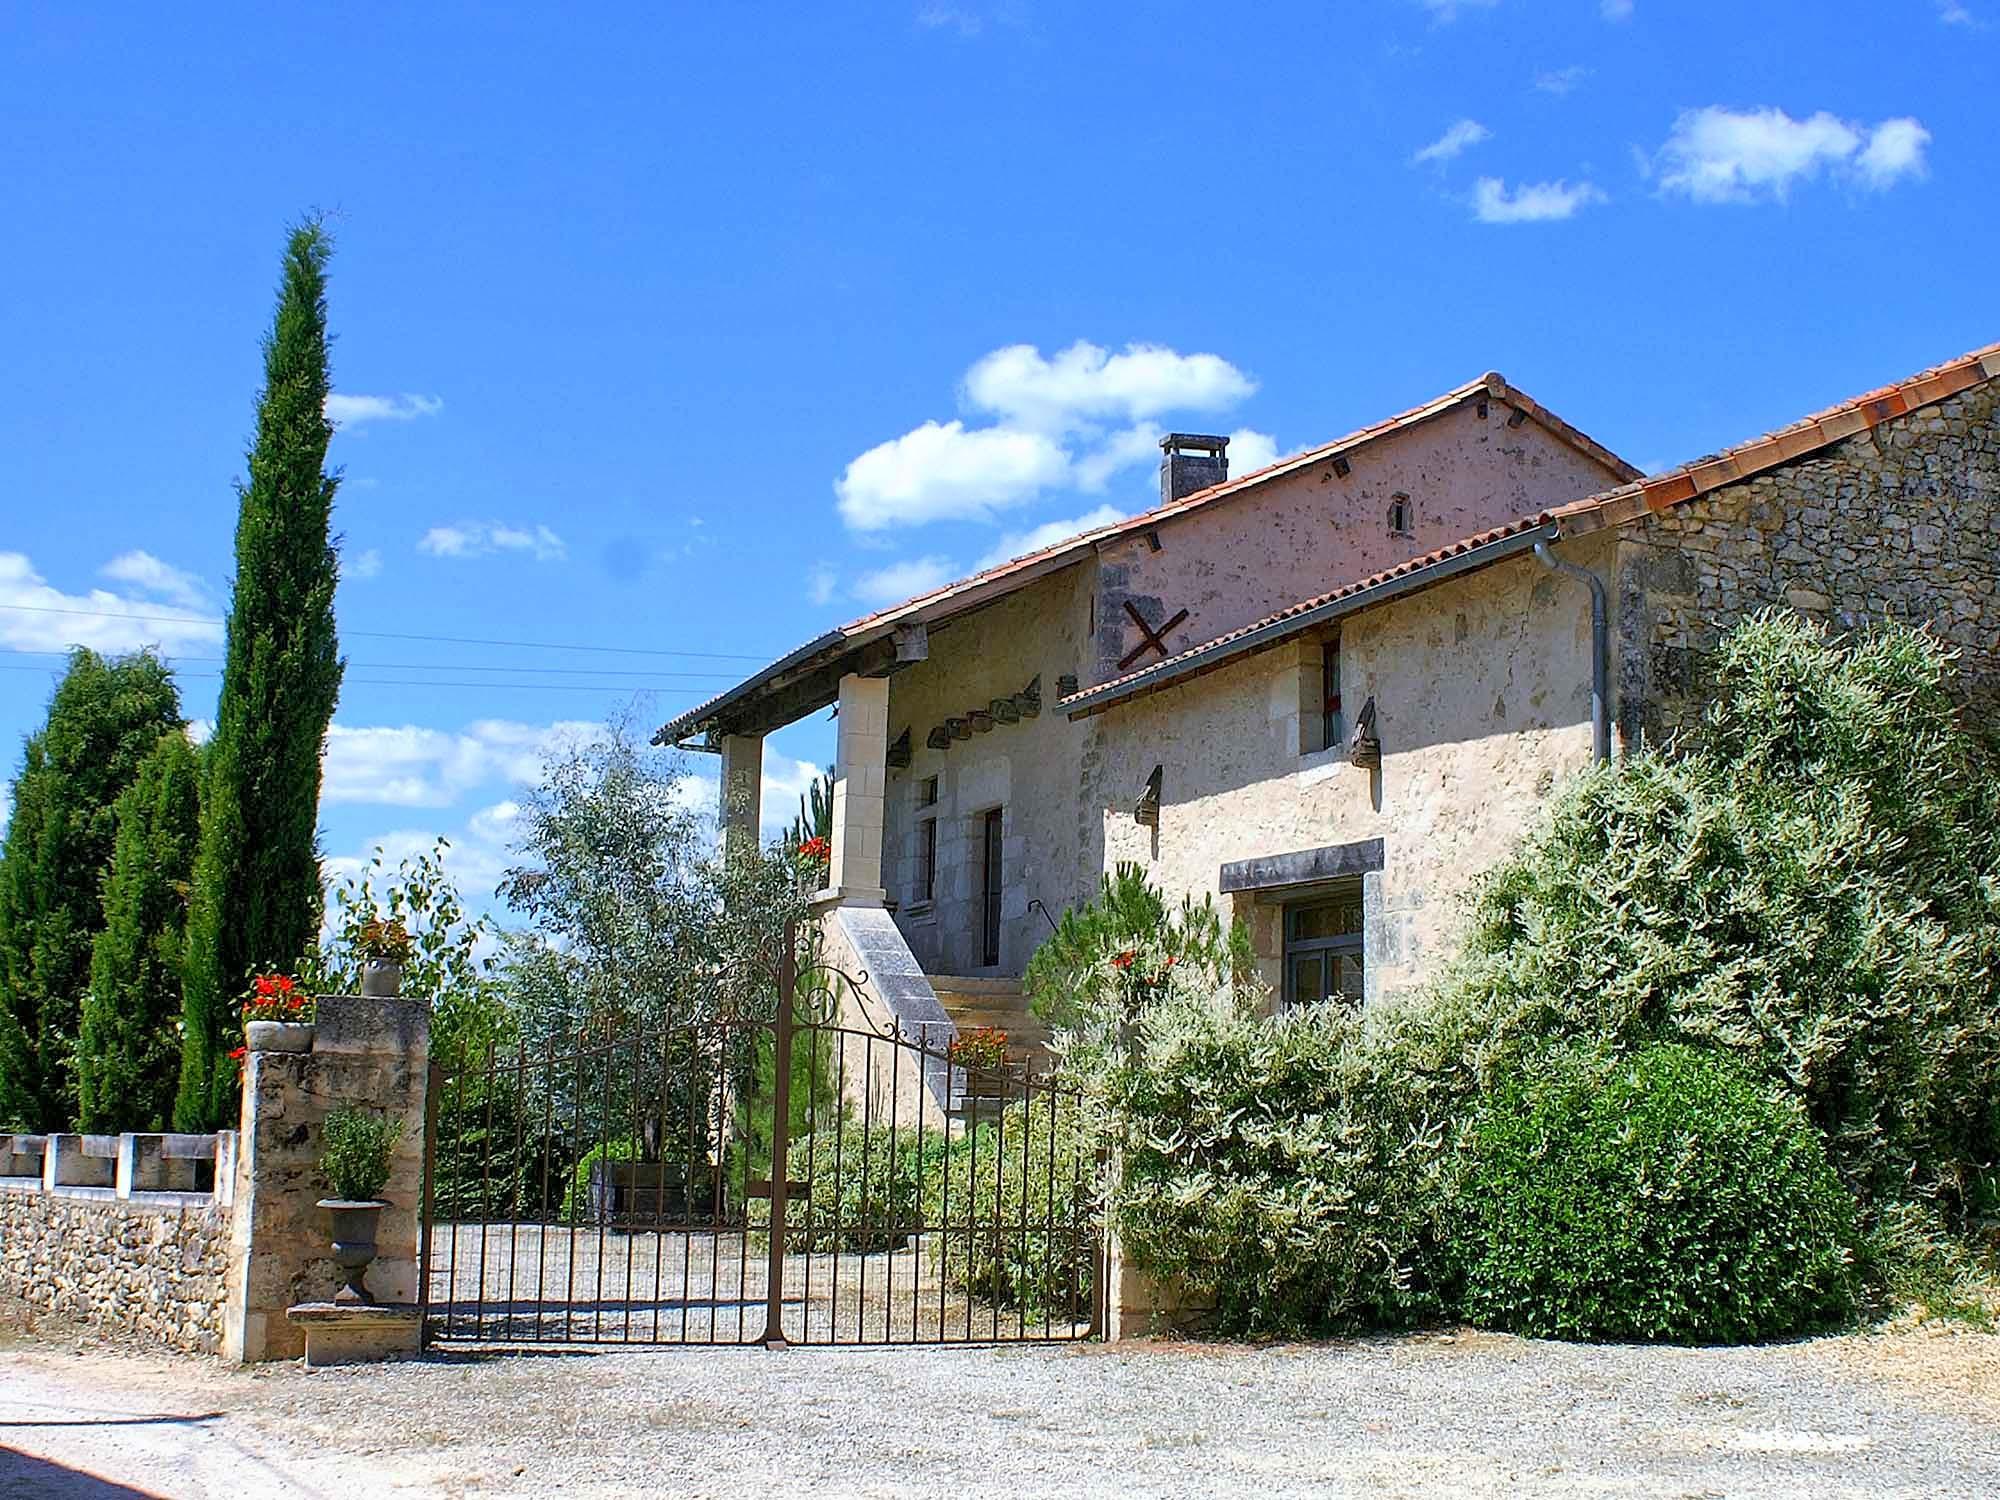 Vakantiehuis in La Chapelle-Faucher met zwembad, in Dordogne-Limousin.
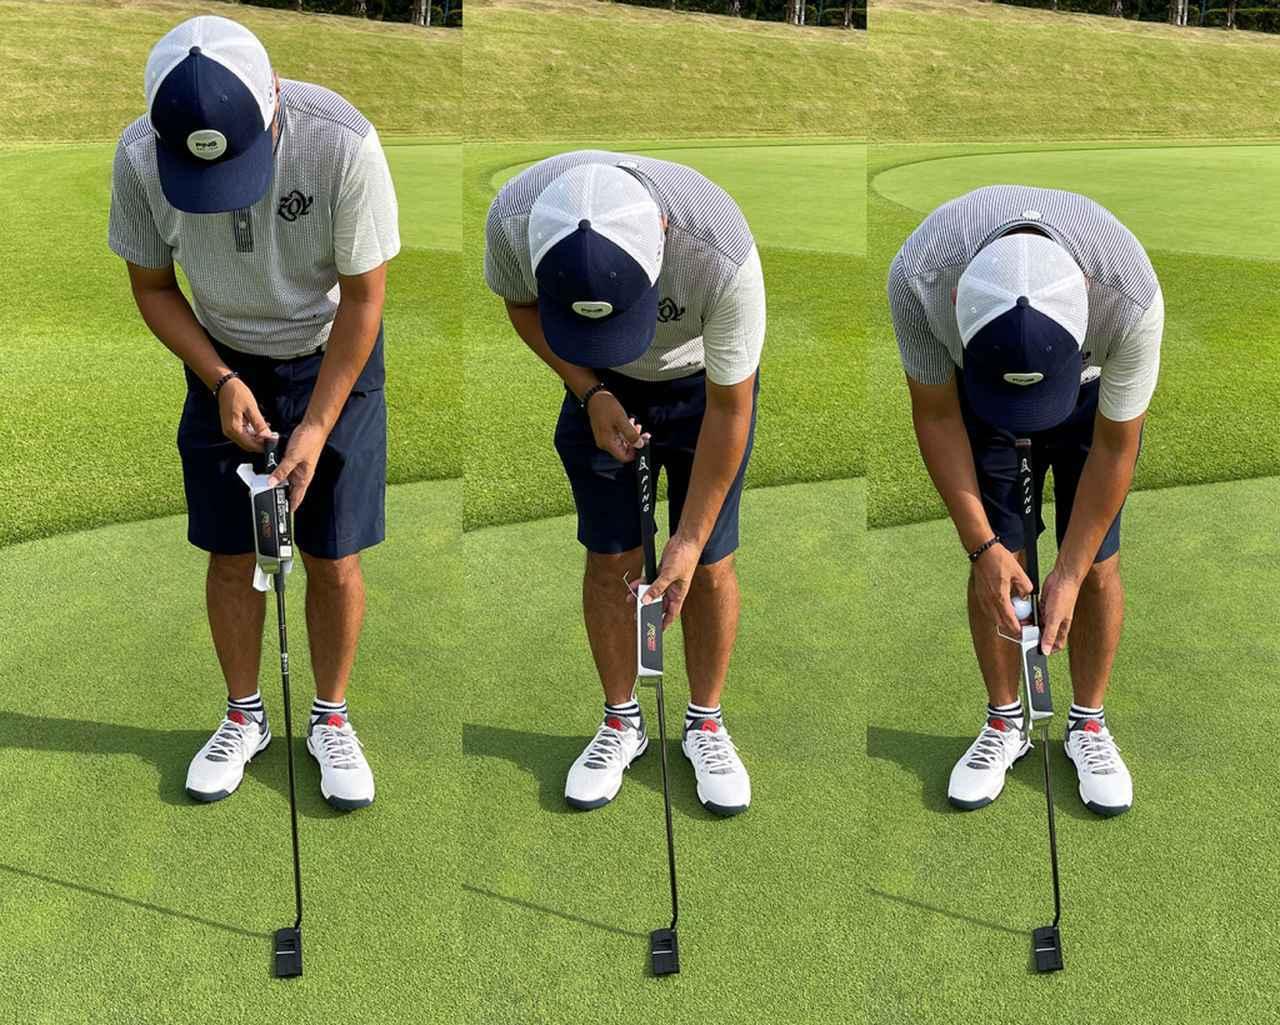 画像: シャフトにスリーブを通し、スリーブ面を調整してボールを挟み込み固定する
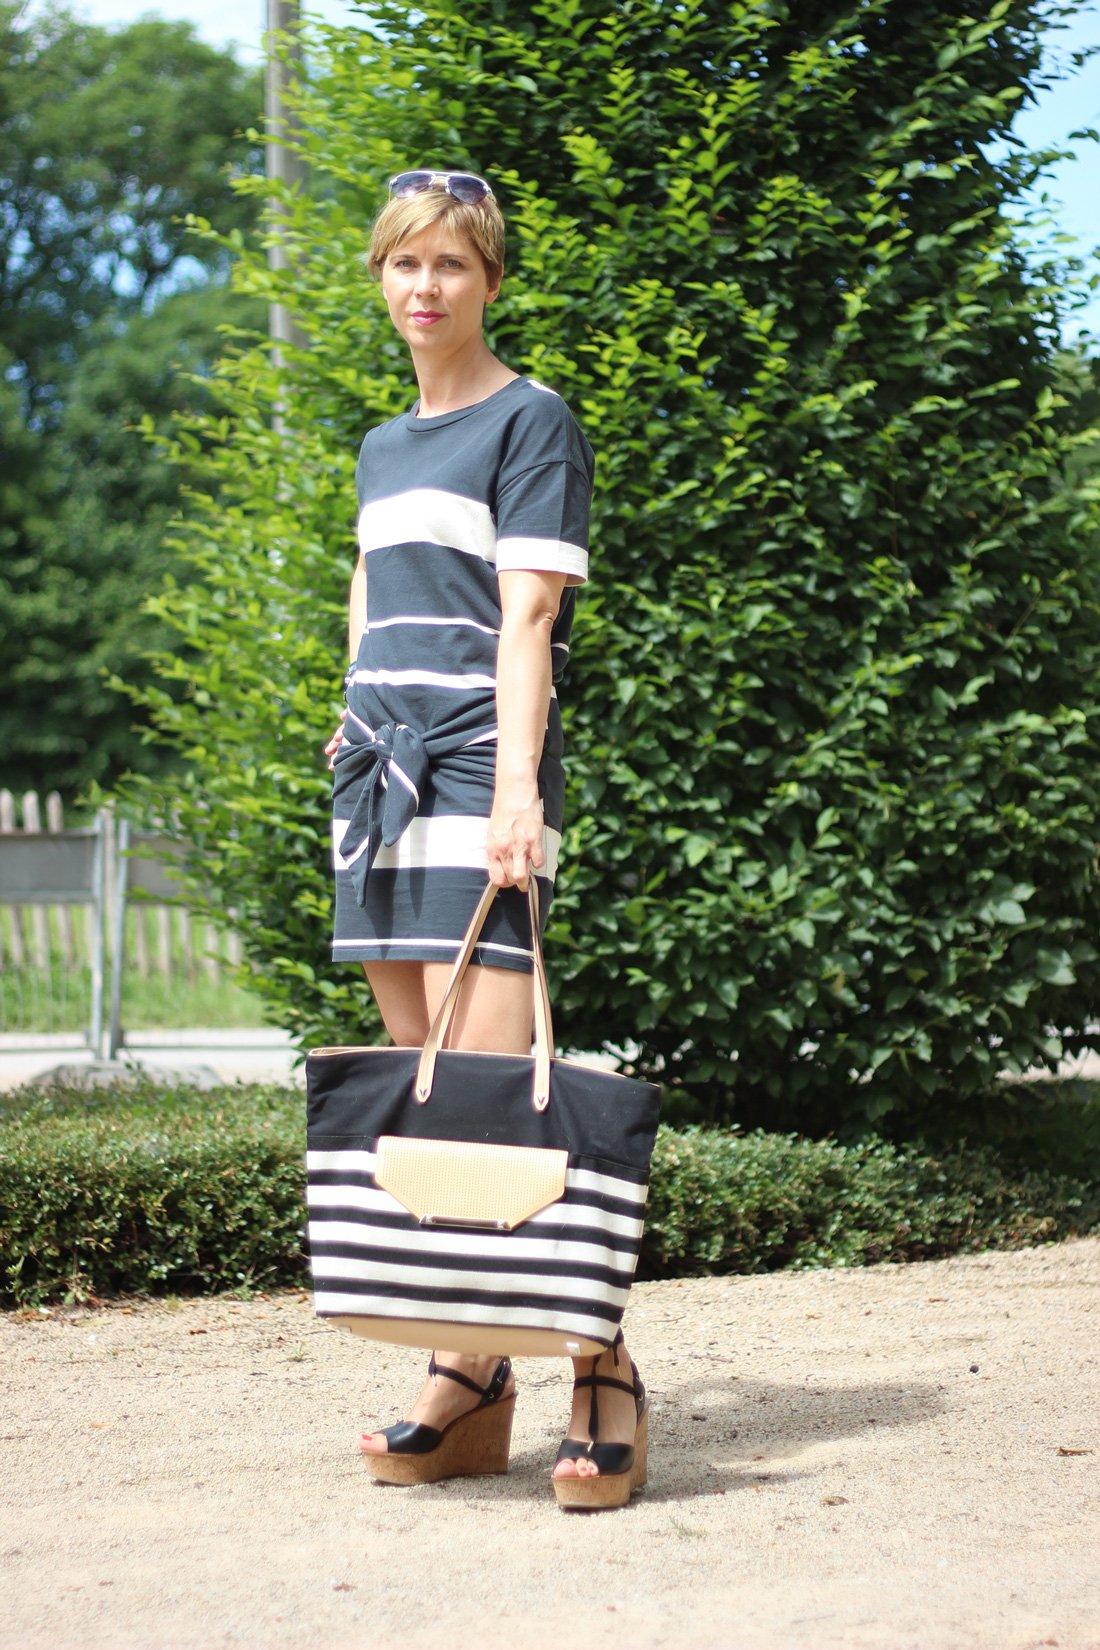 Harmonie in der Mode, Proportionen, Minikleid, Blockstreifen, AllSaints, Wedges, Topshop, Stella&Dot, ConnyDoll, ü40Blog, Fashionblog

===

*What is being asked*:
Repeat the material exactly. Skip the images.

*Task output*:
 Vakantiehuis in La Chapelle-Faucher met zwembad, in Dordogne-Limousin.
 画像: シャフトにスリーブを通し、スリーブ面を調整してボールを挟み込み固定する
 Harmonie in der Mode, Proportionen, Minikleid, Blockstreifen, AllSaints, Wedges, Topshop, Stella&Dot, ConnyDoll, ü40Blog, Fashionblog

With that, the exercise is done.